風邪を引いちゃうから
しばらくお姉ちゃんに頭を撫でられた私は、お姉ちゃんに眠くなってきたことを伝えて、扇風機にタイマーをつけてから、一緒にベッドに入った。
布団の中で、お姉ちゃんに抱きしめられてちょっと暑いけど、扇風機のおかげで、さっきリビングでお姉ちゃんがくっついてきた時よりは全然マシだと思う。
……布団に入ってるから、あんまり変わらない気がしなくもないけど、多分変わってるはず。
「美葉、暑くない?」
「……暑いけど、扇風機かけてるし、風邪をひいちゃわないように、このままでいいよ」
まぁ、暑いのくらい我慢できるし。
「ふふっ、美葉も暑いのを我慢するほど私とくっついていたいのね」
「ち、違うから! 私はただ、扇風機をかけてて、こうしてないと風邪を引いちゃうから言ってるだけだし!」
扇風機をかけてなかったら、普通に暑いから、嫌……だし。
「だったら、扇風機を止めればいいじゃない」
「そ、それは、もう布団に入っちゃったし、今更じゃん!」
「ふふっ、そうね。……美葉、私も愛してるわ」
「きゅ、急に何言ってるの!?」
お姉ちゃんはそう言いながら、私を抱きしめてる力を私が痛くない程度に少しだけ強くして、また頭を撫でてきた。
い、意味わかんないし! 私もって何! 私もって! 私は何も言ってないし、私は、お姉ちゃんのことを別に愛してるわけではないし。……好きではあるけどさ。

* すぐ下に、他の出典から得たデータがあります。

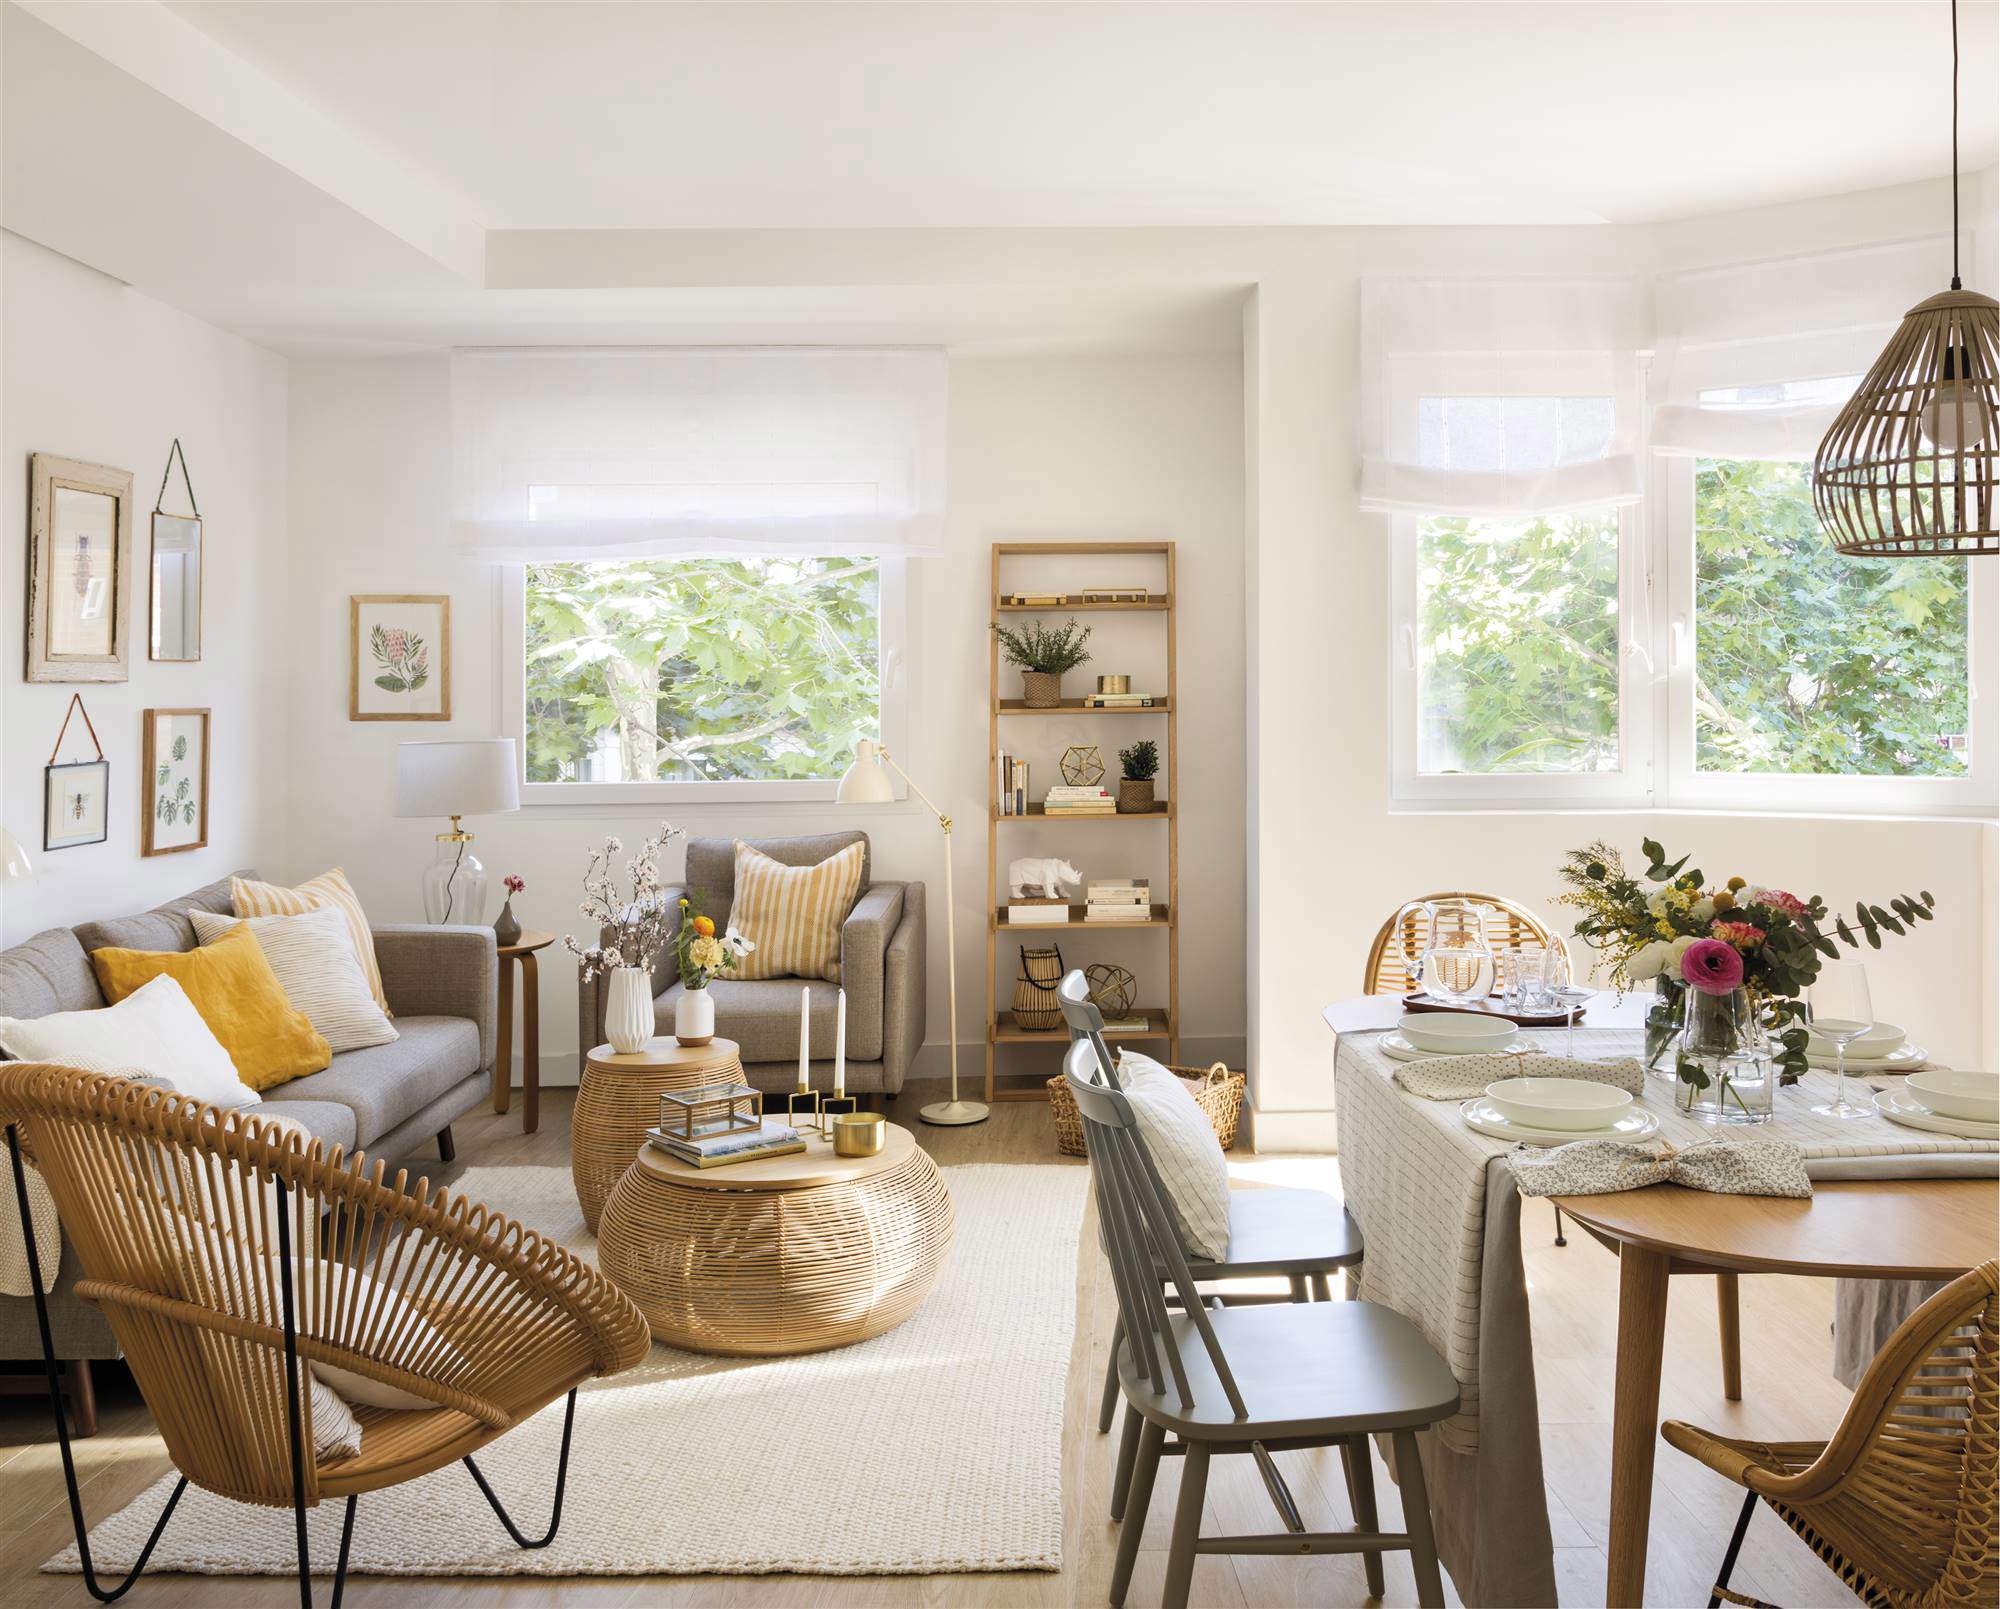 Salón con muebles de madera y tapicerías de color gris.

「い、いきなり変なこと言わないでよ! も、もう私は寝るから!」
「ええ、おやすみ、美葉」
私はお姉ちゃんに撫でられながら、いつの間にか眠っていた。
私は暑くて、お姉ちゃんの胸の中で目を覚ました。
……扇風機が切れてる。
そんな状態でお姉ちゃんとくっついて寝た私は、汗だくだった。
……今日は学校だし、お風呂に入らないと。
「美葉、おはよう」
「……ん、お姉ちゃん……おはよう」
お姉ちゃんがそう言ってきて、気がついたけど、お姉ちゃんも私と同じで、汗をいっぱいかいていた。
「……お姉ちゃん、お風呂、入らないと」
……私の汗がお姉ちゃんにベタベタしてるのなんて、気持ち悪いと思うから、寝起きであまり回ってない頭でなんとかそう言って、お姉ちゃんから離れようとした。
すると、お姉ちゃんは私を離さないとばかりに、抱きしめる力を強くした。
「美葉の汗なら、気持ち悪いなんて思わないから、私が連れて行ってあげるわ」
お姉ちゃんはそう言って、有無を言わさずに私をベッドから優しく起こして、お姫様抱っこをした。
「ちょ、じ、自分で起きられるから!」
状況を理解した私は、寝起きの頭をフル回転させて、なんとかそういった。
「大丈夫よ。美葉は私に体を任せてればいいわ」
そしてお姉ちゃんは、私をお姫様抱っこしたままお風呂場に向かった。
「ま、待って! ふ、服くらいは自分で脱げるから! だ、だから脱がそうとしないで!」
私はさっきまでの眠気なんか吹き飛んでいて、顔を真っ赤にしながら、必死にそう言った。
そして、私の必死さが伝わったのか、お姉ちゃんは私の服を脱がそうとするのを辞めてくれた。